Ничего не ответила Милица. Сложила небольшой дорожный мешок, дедову баклажку с полки сняла – деревянную, им самим выточенную, переобулась, отсыпала немного ягоды в круглую жестянку и оставила туесок с краю – на лавке.

Уполномоченный, проходя мимо, не выдержал – запустил пятерню в самую гущу тёмных сочных ягод да в рот отправил – сбил оскомину, а туесок перевернул.

Рассыпалась земляника, словно капли загустевшей крови растеклись по полу – крупные, тяжёлые. Шёл уполномоченный по ним, давил грязными сапогами и глаз не мог отвести от ладного, точно девичьего стана, от высокой груди. Плавил кровь морок, жаром обдавал, ноги делались ватными – ни шага ступить – ни полшага. Вспомнилось, как на Купалин день прятался за стогом сена у реки, высматривал, как купалась незнакомая девка. Волосы распущены, на голове венок – чисто русалка. Не поселковая, видать, иначе узнал бы. Такую паву – да не узнать. Плыли огненные круги перед глазами, кипела дурная кровь. Потерял сознание не то от самогонки, не то от солнца горячего летнего. Очнулся там же – в стогу. Река, знай себе – течёт, и никого вокруг. Привиделось – не иначе.

Но с того дня мерещился наяву и во сне девичий стан в брызгах радужных. Манил, будто призрак, в лес – на другой берег – папоротью поросший, Белый яр. В каждом сне бродил по лесу, под ногами папороть колыхалась как от ветра, вспыхивали там и тут искорки малые. Больше всего боялся на них наступить, потому как знал – жар-цвет это, папороть цветёт, наступишь – встанешь наутро с огневицей на устах и в крови. Наклонялся, чтобы сорвать хоть одну – всё чернело, превращалось в болотную жижу, затягивающую, зловонную.

Одно было спасение от морока – первач.

Понял он, вдруг, что за призрак его манил, что за девку видел Купалиным днём на реке…

– Милица… слышь, постой, – прохрипел, задыхаясь, и осёкся от полного ненависти синего взгляда, полоснувшего по протянутой руке.
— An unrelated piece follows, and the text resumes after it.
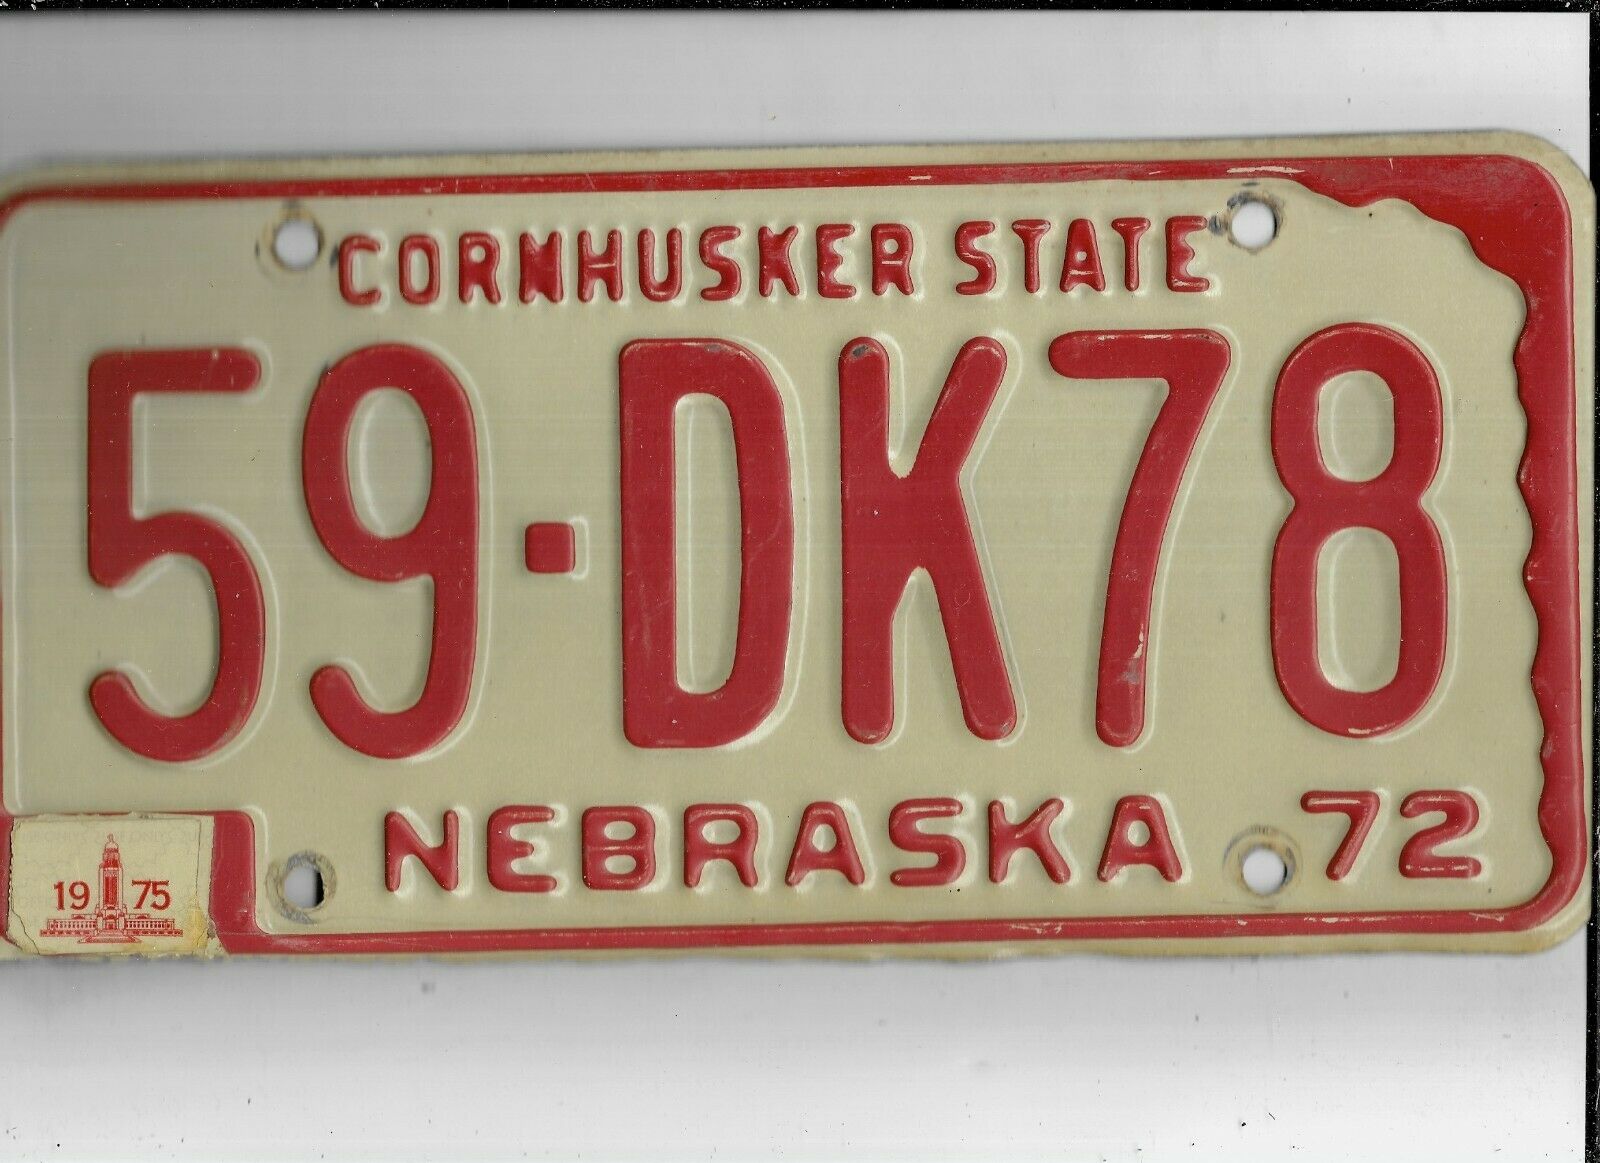 Nebraska Passenger 1975 License Plate "59-dk78" ***sarpy***

Жар сменился ледяным ознобом, захлестнула разум чёрная звериная ярость.

– Погоди, скоро по-другому смотреть станешь. Прямо иди.

– Воды на дорогу набрать хочу.

Не обернувшись, не дожидаясь ответа, Милица свернула к Бажанову ключу, и уполномоченный, зайдясь от злобы, понял, что не имеет над ней ни силы, ни власти.

Вытащи он сейчас наган и начни стрелять, она не обернётся и всё одно – не покорится, потому как не боится его, да и никого на свете, видать, не боится. Молча дождался, втянул голову в плечи, избегая ещё раз встретиться взглядом, и больше не проронил ни слова.

Этим же вечером сам – на подводе – отвёз Милицу и подкулачника Крутишина в уезд – в особый отдел.

ДОЛГ ПЛАТЕЖОМ КРАСЕН

Шептались люди, судачили.

Слух полз от двора – к двору, от избы – к избе: из-за Агафьи – давно обиду таила, из-за Кирилла всё да из-за Катерины.

Молчала Агафья. Со двора не выходила, платок низко – до бровей – повязала, от прохожих в избе пряталась.

Молчала Милица – ни слова не проронила, ни в камере, ни на допросе.

Через неделю привёли её к начальнику уездного отдела ОГПУ. Тот дела арестованных просматривал и папку с делом Милицы в сторонку отложил. Пуста была папка. Один донос в ней хранился, написанный на серо-жёлтом листе.

– Недовольна, значит, новой властью, гражданка?

– Всем довольна.

– Вот здесь записано: недовольна. Разговоры ведёте всякие.

– Какие разговоры?

– Против власти. Записано со слов односельчан. Ещё один сигнал и сошлют, а то и в расход пустят – как враждебный элемент.

Говоря это, он подходил всё ближе и ближе, и вдруг спросил тихо:

– Не узнаёшь, матушка Милица?

– Нет.

Голос её был похож на треск сухой, надломившейся под ногами ветки.

На миг из-под низко повязанного чёрного платка метнулся синий взгляд и погас.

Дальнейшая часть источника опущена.